The whole stack will reboot, so the servers would be unavailable anyway.

Is there some issue with them recovering afterward?

I have a similar setup with an MS425 stack and 4-node VMWare cluster and do not have issues when updating switch firmware.

SteveLandon · ‎Apr 9 2024

Thanks to everyone for valuable input. We are overriding the MSP and unstacking the switches facing the VM and using them as a hot spare arrangement.

merakiuserfr · ‎Jan 28 2025

Hello everyone, I'm very interested by your comment, I also have 4 VMWare Nodes and I'm scared to update the switches firmware because of the reboot of the stack at the same time.

Do you have vsan ?

Thanks

cmr · ‎Jan 31 2025

If you have VSAN then I'd either stop the VMs for an upgrade or break the stack into two pairs so that only one connection to each server goes down at a time. I used a stack of four, but has FC connected SANs at each site, so no issues there. Simply disable DRS before the switch upgrade and reenable afterwards.

If my answer solves your problem please click Accept as Solution so others can benefit from it.

merakiuserfr · ‎Feb 3 2025

Thanks a lot for your response.

I will try to disable DRS first.

SteveLandon · ‎Mar 28 2024

The problem happened when the stack of MS355-24X2 did a firmware update. We use this stack facing the VM cluster and we also have Azure remote connections involved. When the VM cluster could no longer see the MS355 they went into an error state and once connection came back they couldn't recover and we had to reboot each VM to get it restored and we had to reboot some of the Azure servers. I would think the VM cluster should be able to recover easily from a disconnect but not in this case. Our infrastructure management does not like switch stacks except for the user (Access) stack and thinks we should not have stacks at the core.

dcatiller · ‎Mar 28 2024

What kind of resources are these VMs connecting to in Azure? This sounds more like an issue with those VMs recovering and not the VMWare cluster (that's what I thought you were talking about). I think I'd need to know the full relationship with those machines.

If this is a system level dependency like a connection to a storage volume, I can see why you would have this issue. System level dependencies may have problems with any switch reboot, but it sounds like maybe you have a situation where a redundant pair would handle this better than a stack because there is always a necessary connection maintained.

Whether it is a system dependency or just a highly sensitive network connectivity requirement, I'd see this as more of a "what's best for your environment" thing than an issue of best practice.
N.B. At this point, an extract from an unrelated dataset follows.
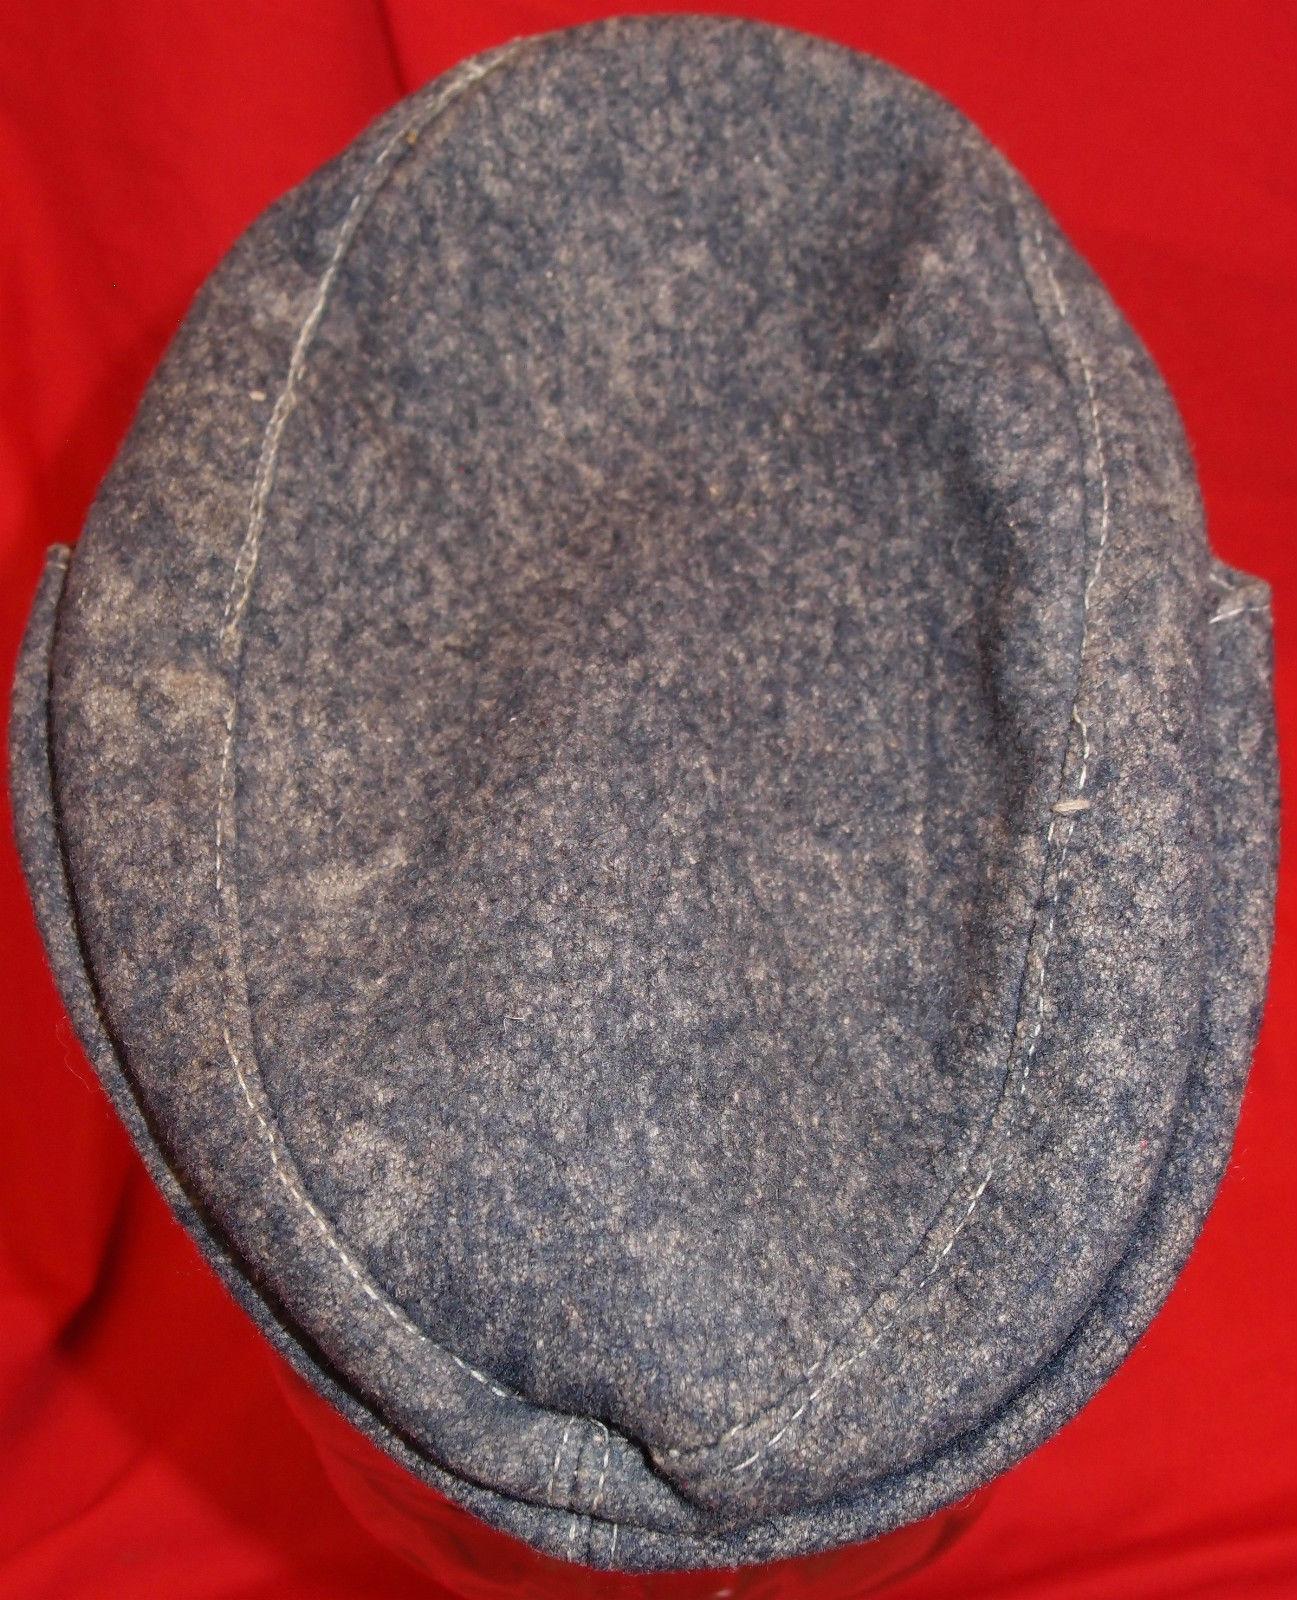 WW2 GERMAN LUFTWAFFE M43 ENLISTED FIELD CAP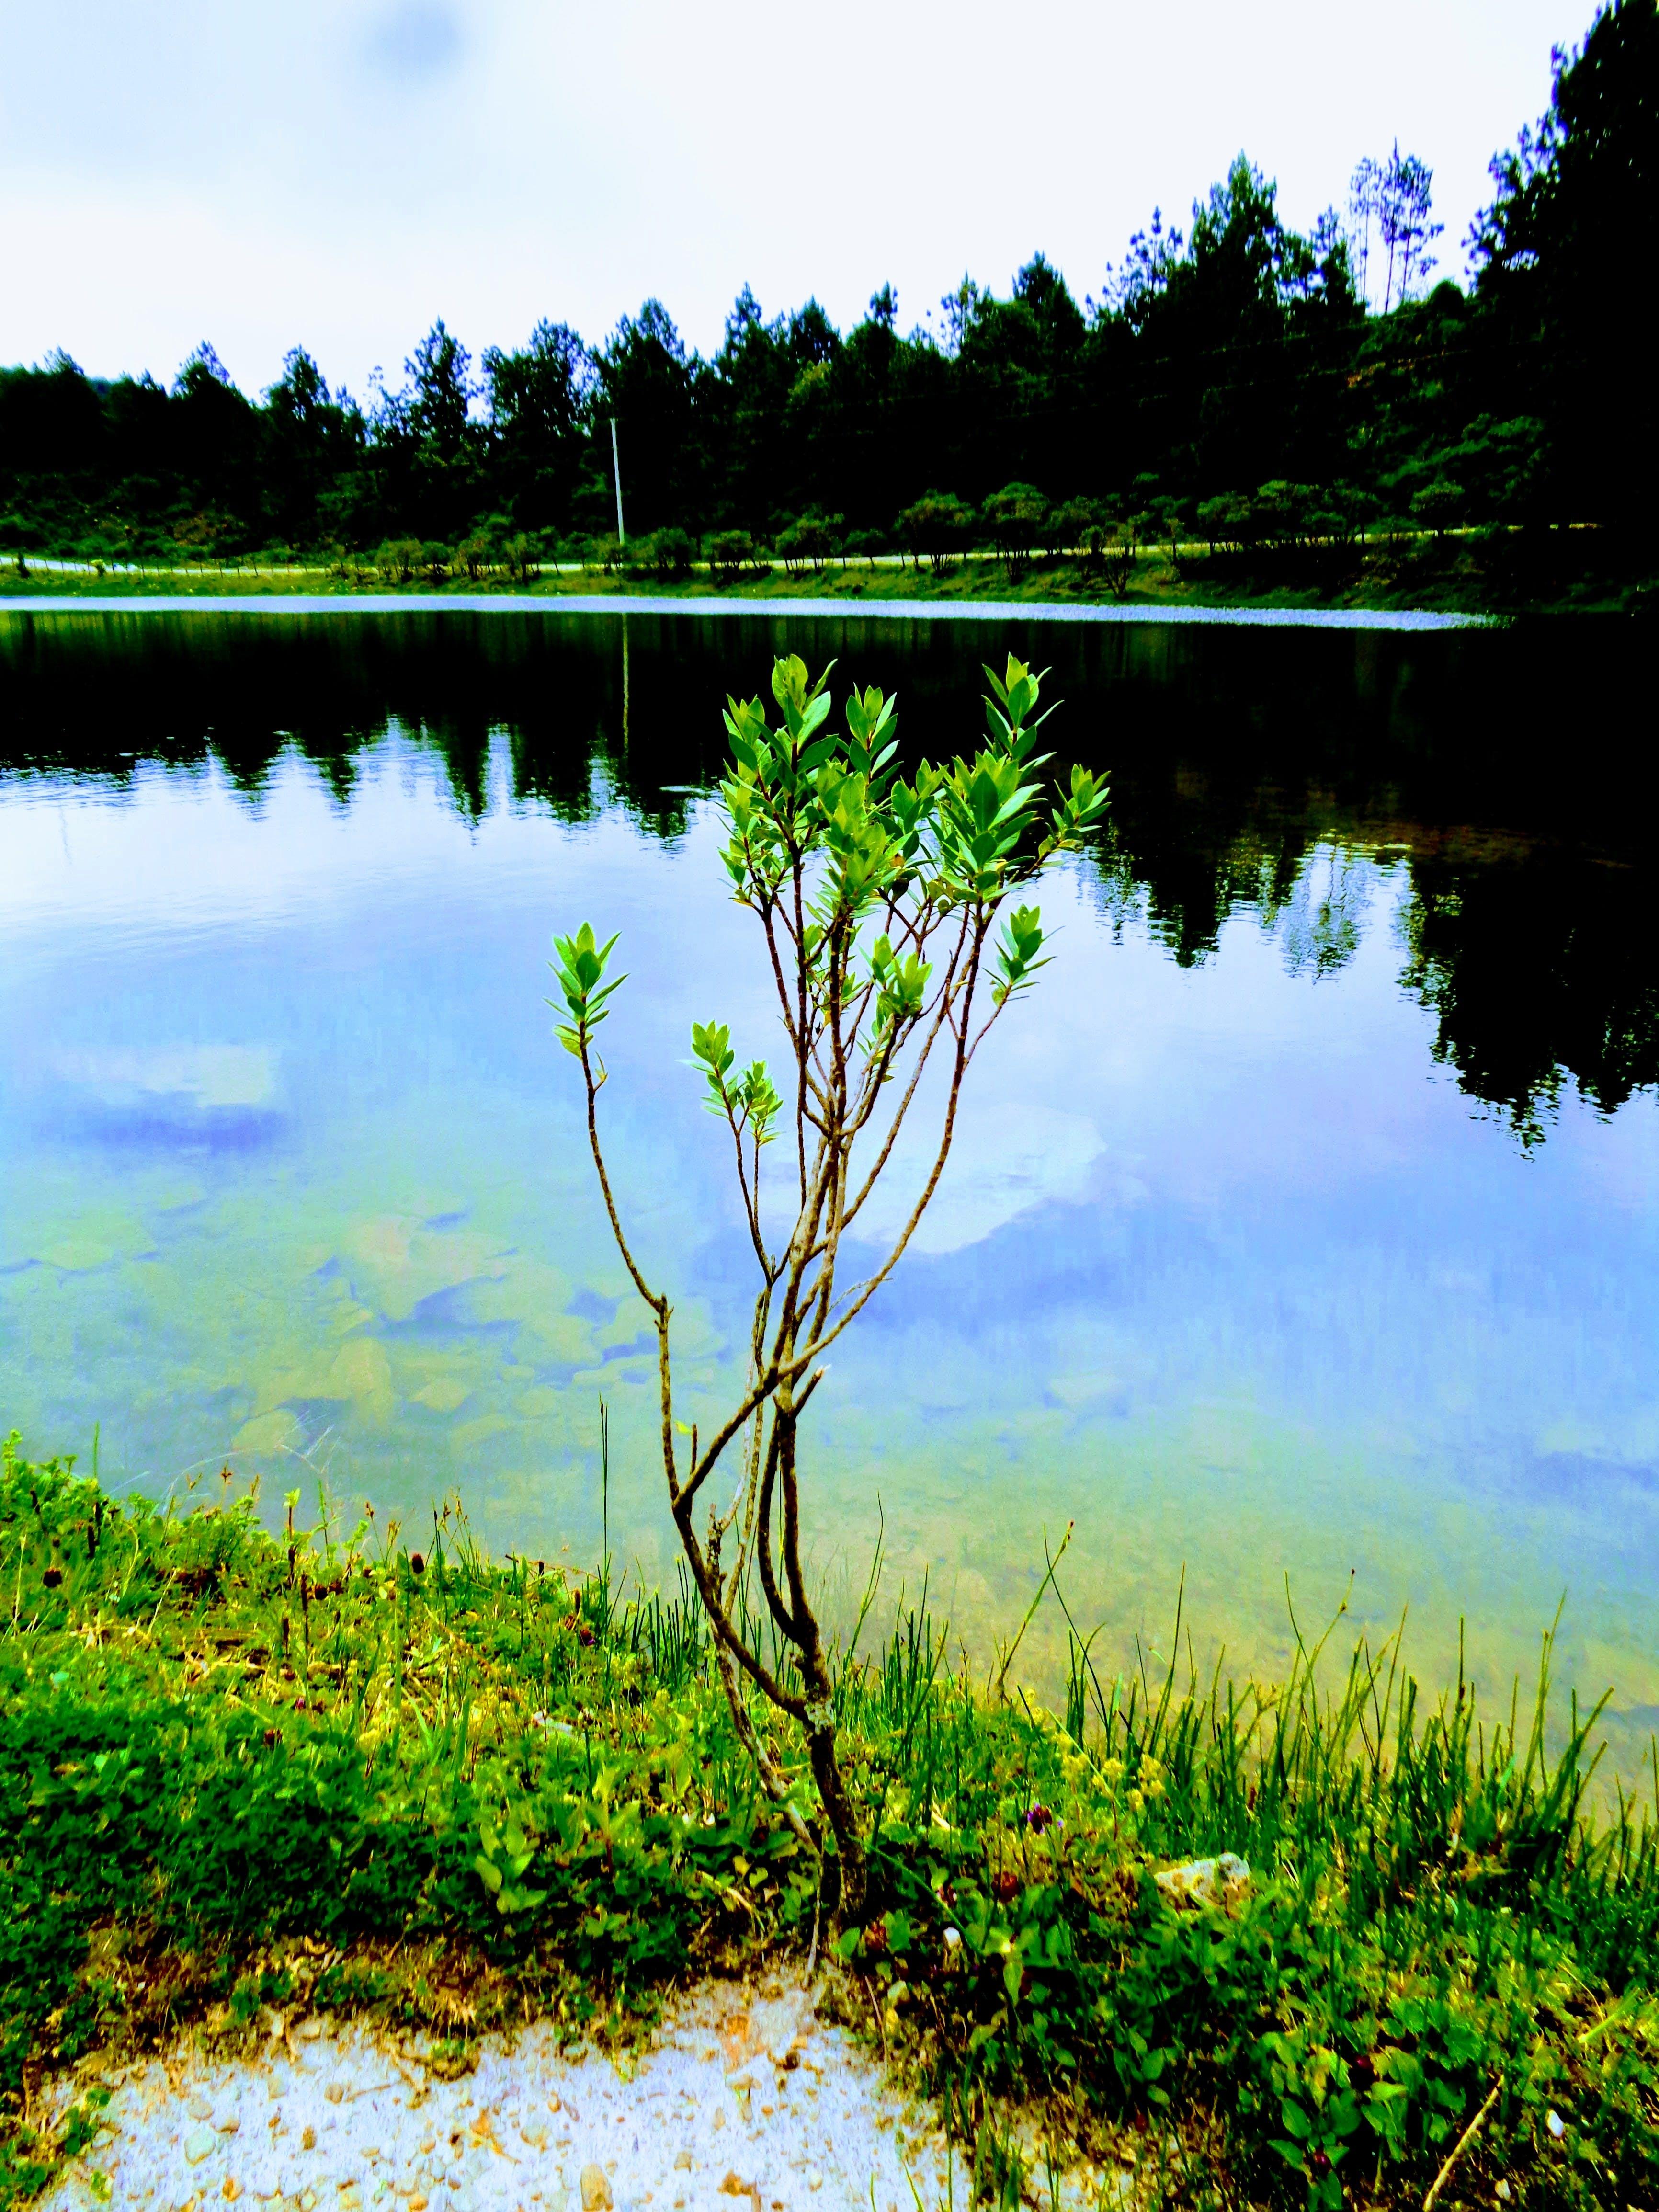 Green Leaf Plant Near Body of Water

SteveLandon · ‎Mar 29 2024

I am somewhat hampered in this because the MSP has not yet supplied a network map of the current situation. There is a pair of high end Netgear san switches sitting in front of the VM servers. Then the stack of MS355-24X2 . This stack is physically stacked and also their design has dual teamed connections to san switches. There teamed 10G links from the MS355-24X2 to the MS425-16 aggregation stack. My whole team since meeting yesterday is now fully engaged with the MSP and we have asked Meraki for a meeting today to advise. Should I close this or leave it open? It might be a wee kto 10 days before descision reconfiguration.

The MSP concern is drop in throughput is we unstack and use warm spare with VRRP.

dcatiller · ‎Mar 29 2024

There are things you can do to address throughput. I would expect that losing connectivity to storage altogether (and any outage, nuisance or damage that may bring) is a bigger issue. I'd be curious to know how much throughput you'd lose. It's the same switches. Did they tell you about the drawback to the stack in the design, or was that an oversight?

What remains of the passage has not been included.